How It Works (High Level)

  1. The user sends a message in a selected Knowledge Base folder (or without any folder).
  2. The LangGraph worker node processes the input.
  3. If RAG is enabled and applicable, relevant documents are retrieved.
  4. Tools are invoked only when necessary (based on model decisions and enabled tool settings).
  5. The response is generated and saved to the folder-specific chat.

Tools

Sidekick exposes multiple tool groups. Any tool can be enabled/disabled at runtime, and the agent only uses tools when needed:

  • RAG (Retrieval-Augmented Generation) for document-based answering (optional tool, not always invoked).
  • File tools for reading, writing, and listing files.
  • Web search for external information.
  • Python execution for dynamic tasks.
  • Wikipedia integration for quick factual lookups.
  • LangGraph for coordinating agent workflows.
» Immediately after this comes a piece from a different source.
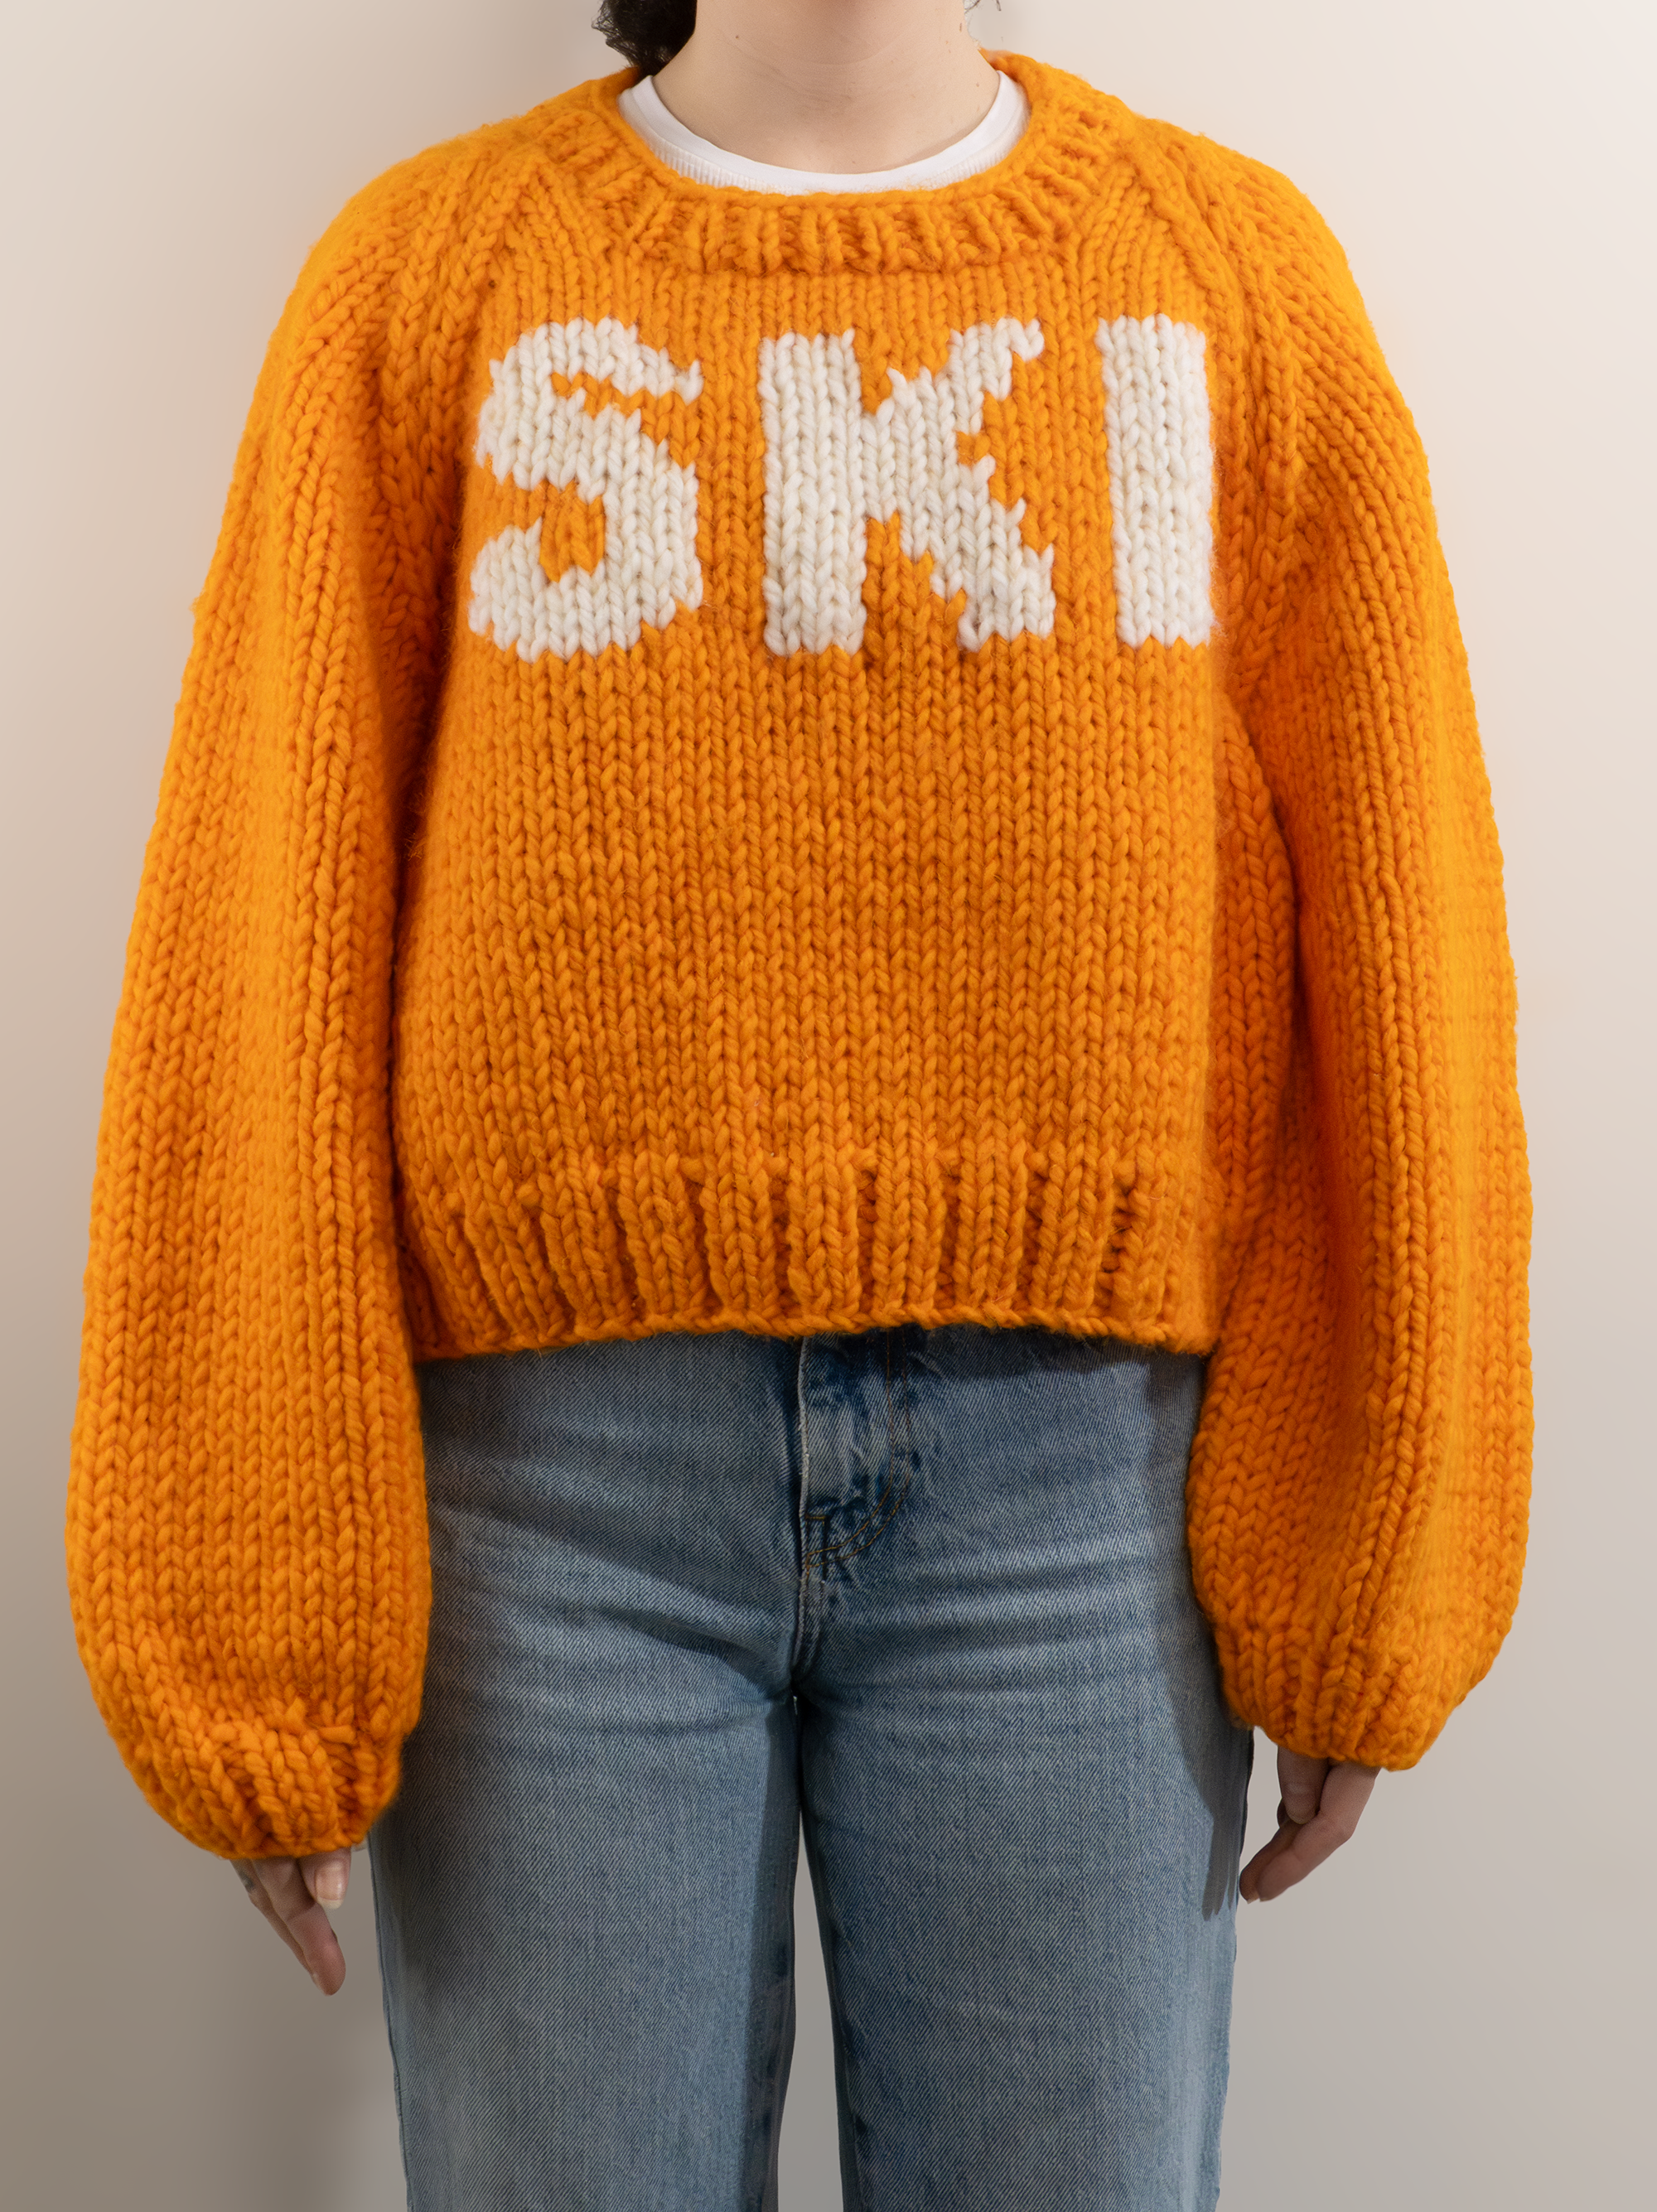 Ski Pullover (Knitters First) Marigold/Snow - Sample Sale 24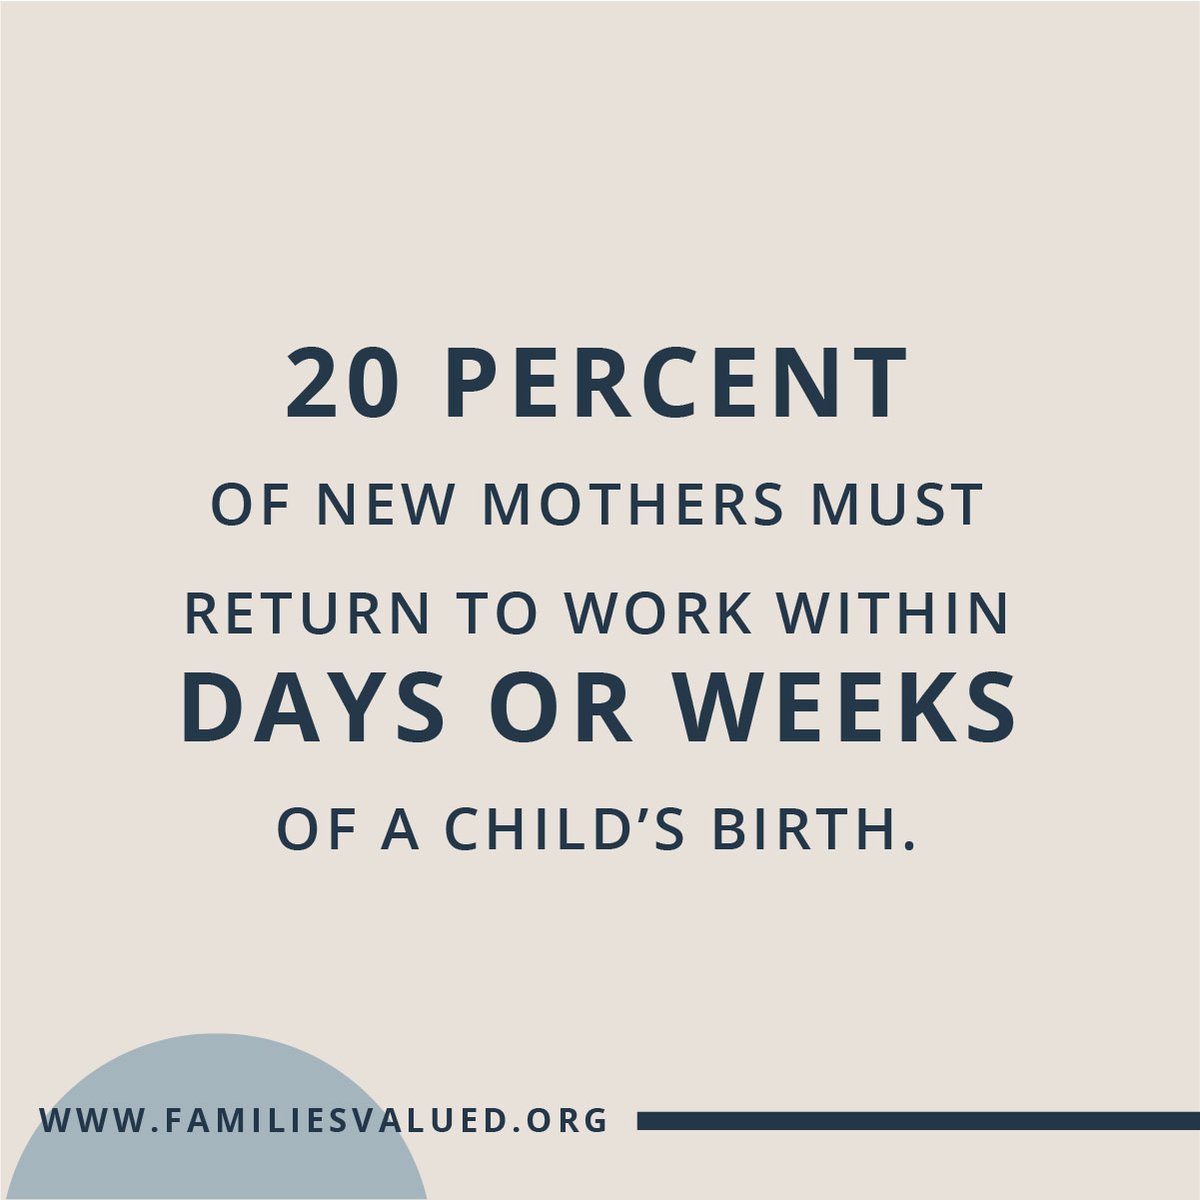 But the nature of our economy and the absence of a national paid leave program limits parents' time for in person caregiving.

Inspiration and Educational Context

This project was inspired by the Udemy courses "AI Engineer Core Track: LLM Engineering, RAG, QLoRA, Agents" and "AI Engineer Agentic Track: The Complete Agent & MCP Course" by Ed Donner.

It was developed as a portfolio project to demonstrate practical skills in:

  • LLM-based automation
  • Agent design
  • Retrieval systems
  • Tool orchestration

License

This project is licensed under the MIT License. See the LICENSE file for details.